------ Information shown

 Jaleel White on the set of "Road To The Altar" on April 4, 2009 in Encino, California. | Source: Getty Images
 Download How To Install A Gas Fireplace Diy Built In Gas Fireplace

------------
------ Information shown

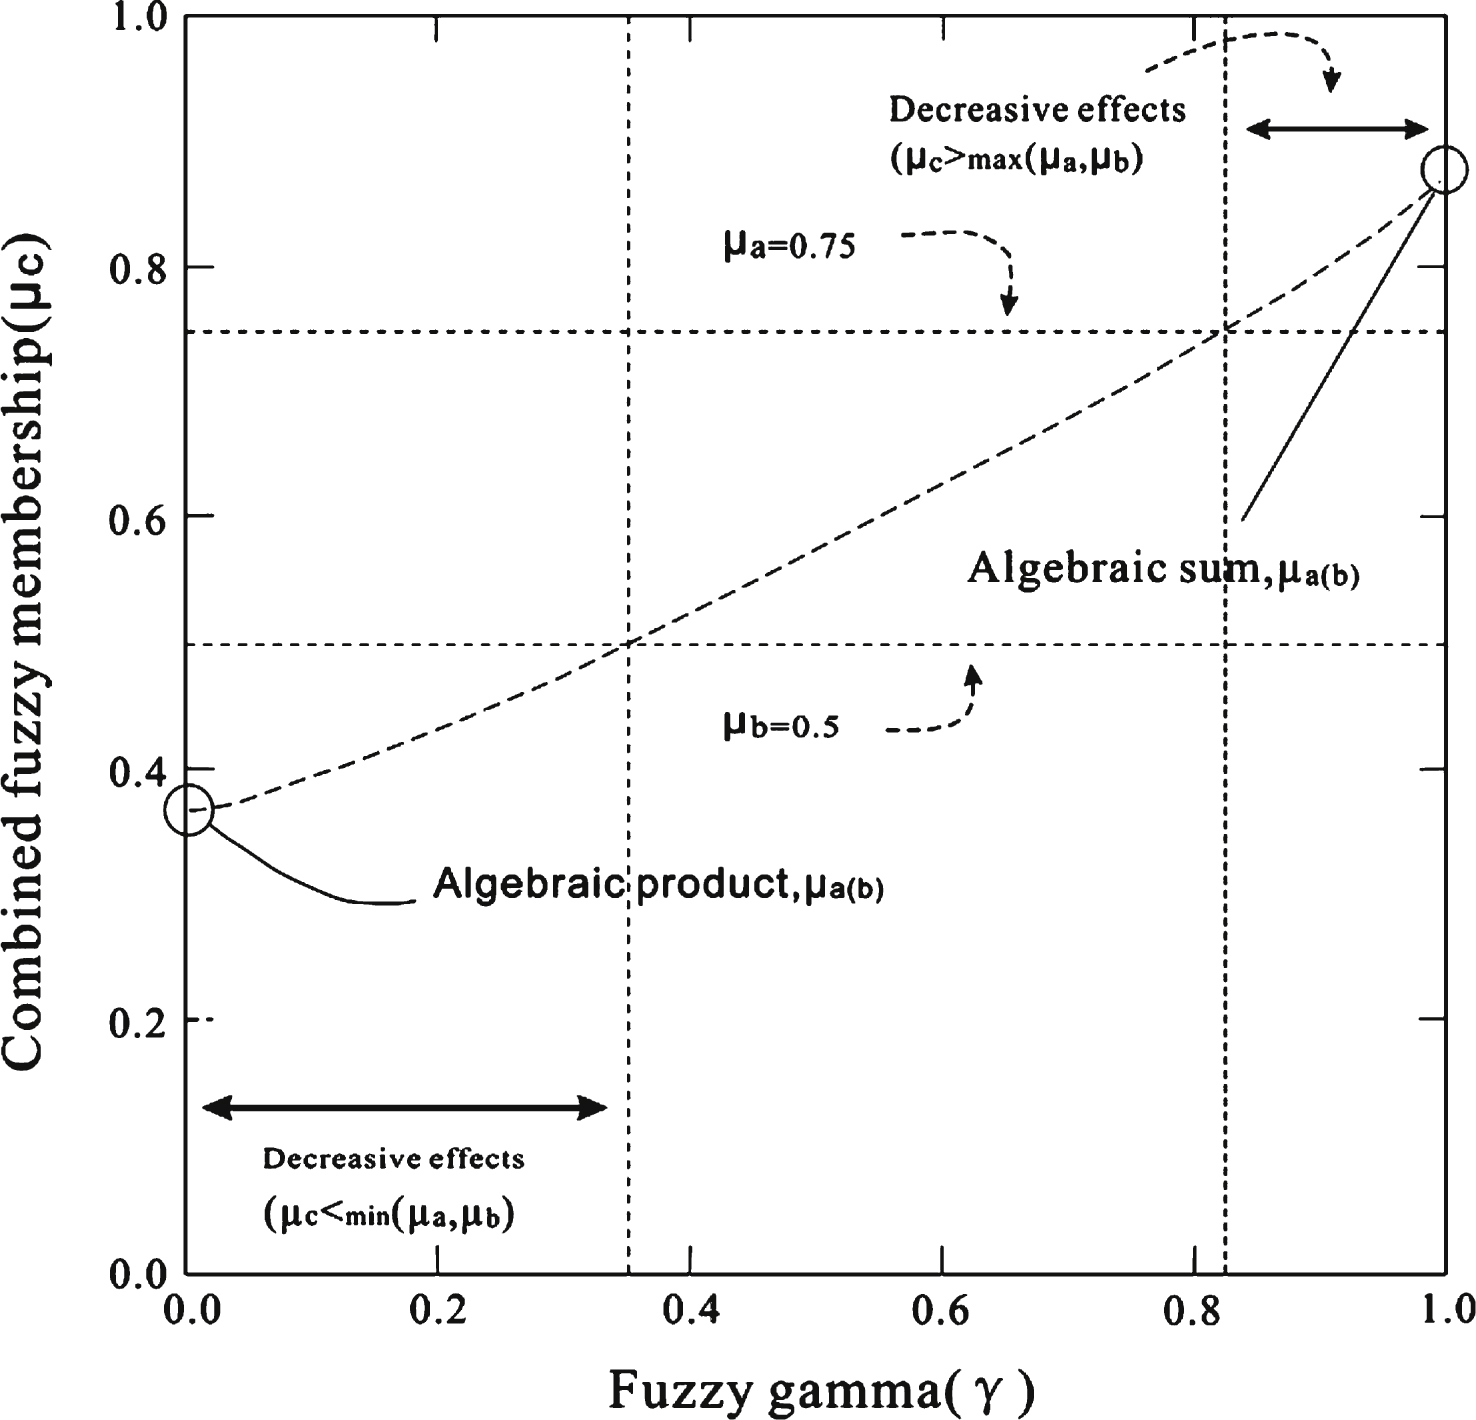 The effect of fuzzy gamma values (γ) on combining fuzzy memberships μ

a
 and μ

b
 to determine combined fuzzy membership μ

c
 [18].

------------

From the listing above, the lines starting with the one that has "Jaleel White on" and running through the one that has "Download How To" should be copied exactly, ends included.

 Jaleel White on the set of "Road To The Altar" on April 4, 2009 in Encino, California. | Source: Getty Images
 Download How To Install A Gas Fireplace Diy Built In Gas Fireplace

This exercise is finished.